Important: if Forceea finds in the Template a definition for the RecordTypeId field of an SObject, it will delete the records of this Record Type only.

Forceea will stop the execution of a job when an error is encountered, except from the errors related to record locking, where it will raise an error only after the 5th occurrence of the UNABLE_TO_LOCK_ROW error.

Using existing lookup records

Forceea will take care of all the complex orchestration of the asynchronous process. The parallel processing offers an advantage, but it's based on the assumption that we won't query any existing records from the database, otherwise we may have record locking.
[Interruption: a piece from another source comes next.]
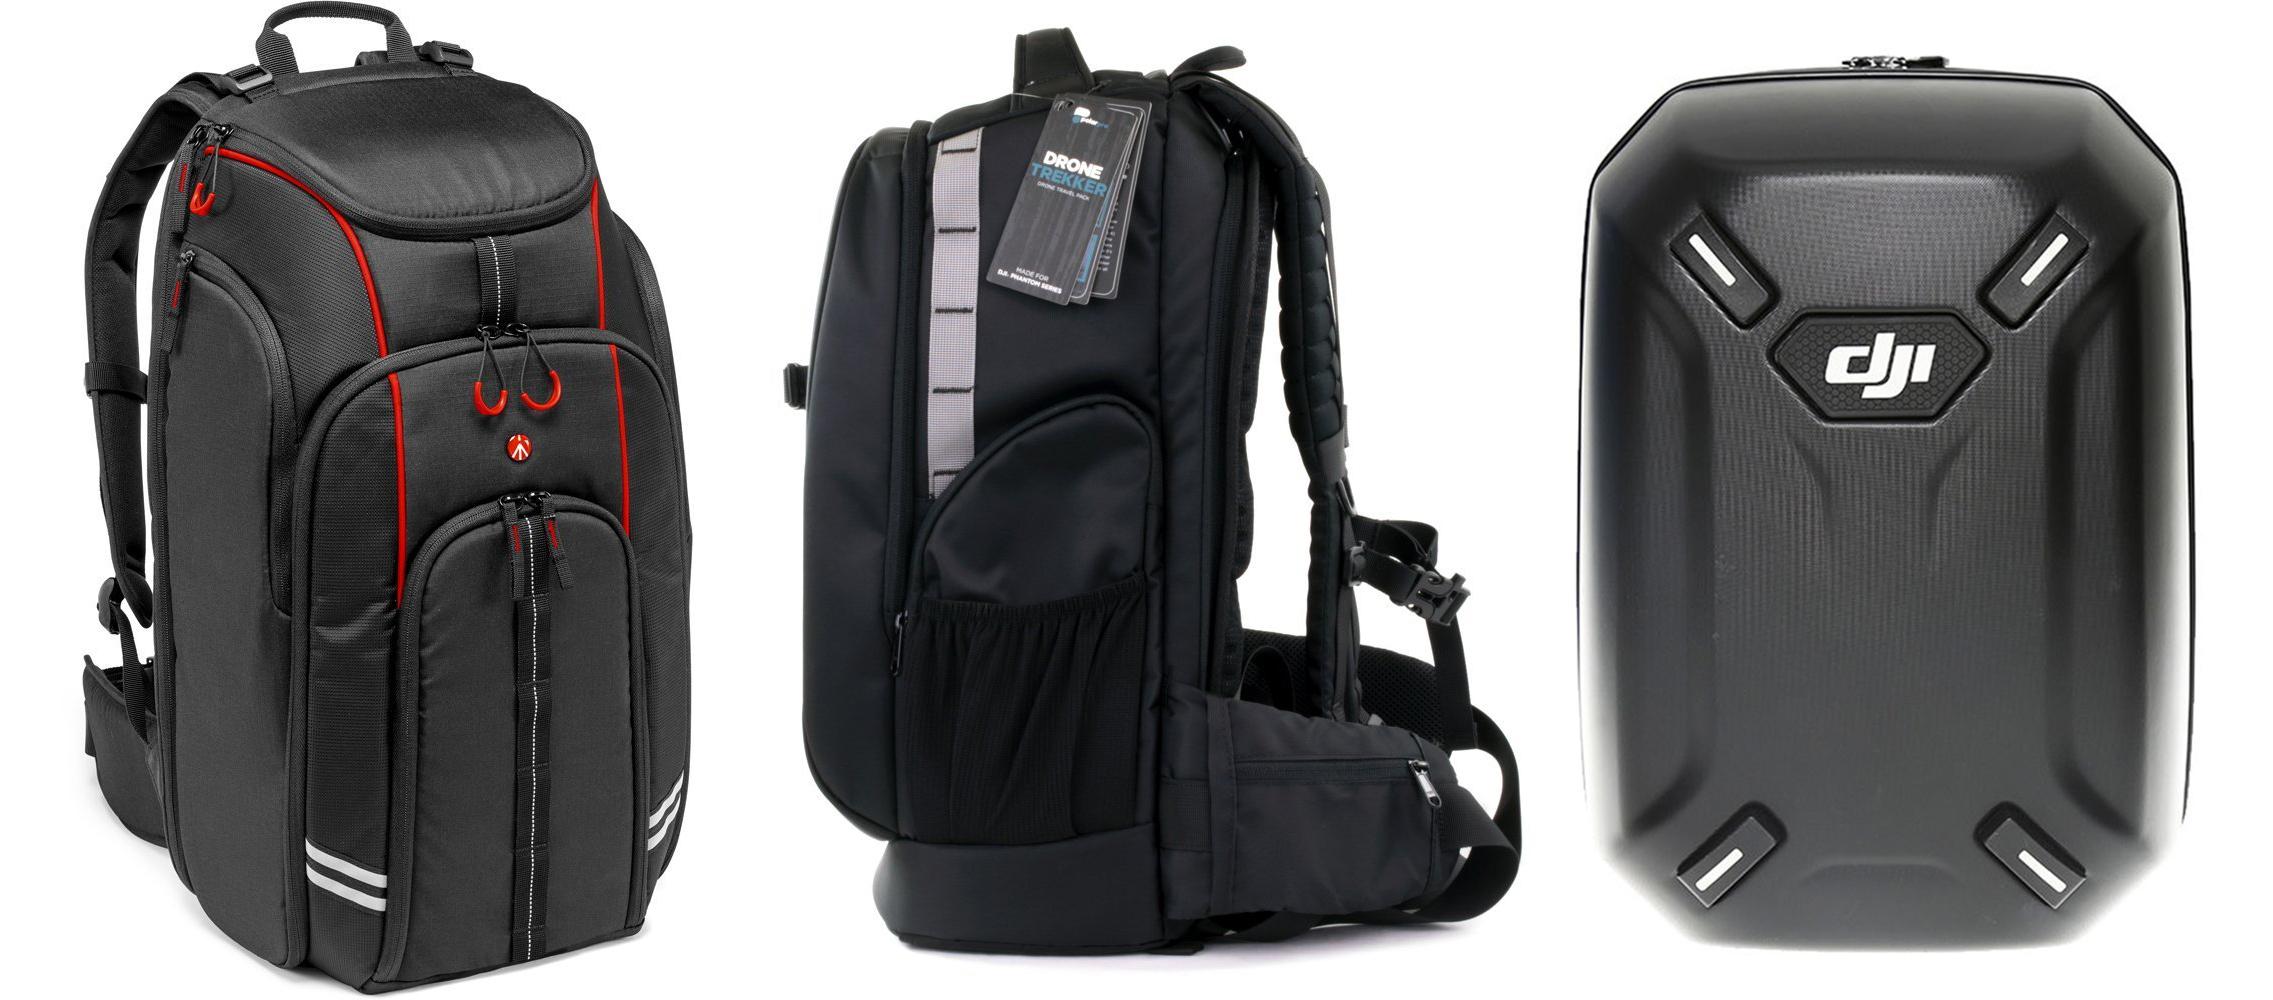 dji-backpacks

For example, if we have a custom SObject Language__c and we have the lookup field Language__c on Opportunity, to get random IDs for this field we would use:

setDefinition(Opportunity.Language__c,
    'random lookup(Language__c) source(salesforce)')

If the above definition raises the UNABLE_TO_LOCK_ROW error (unable to obtain exclusive access to this record), then your only option is to use 1 job only with setNumberOfJobs(1).

Conclusion

Nobody can say that data generation is simple or without issues. Under the hood, the data generation process is quite complex, but it shouldn't be to the user; Forceea will gracefully handle all the complexity.

I strongly believe that an admin, a tester or even a business user, with no Apex knowledge, can insert/delete records asynchronously using FObjectAsync and existing Templates, which a developer or advanced admin could create.

You can find the code of the above scripts in Forceea-training GitHub repo. And don't forget to read the Forceea Success Guide; it has a lot of examples and details.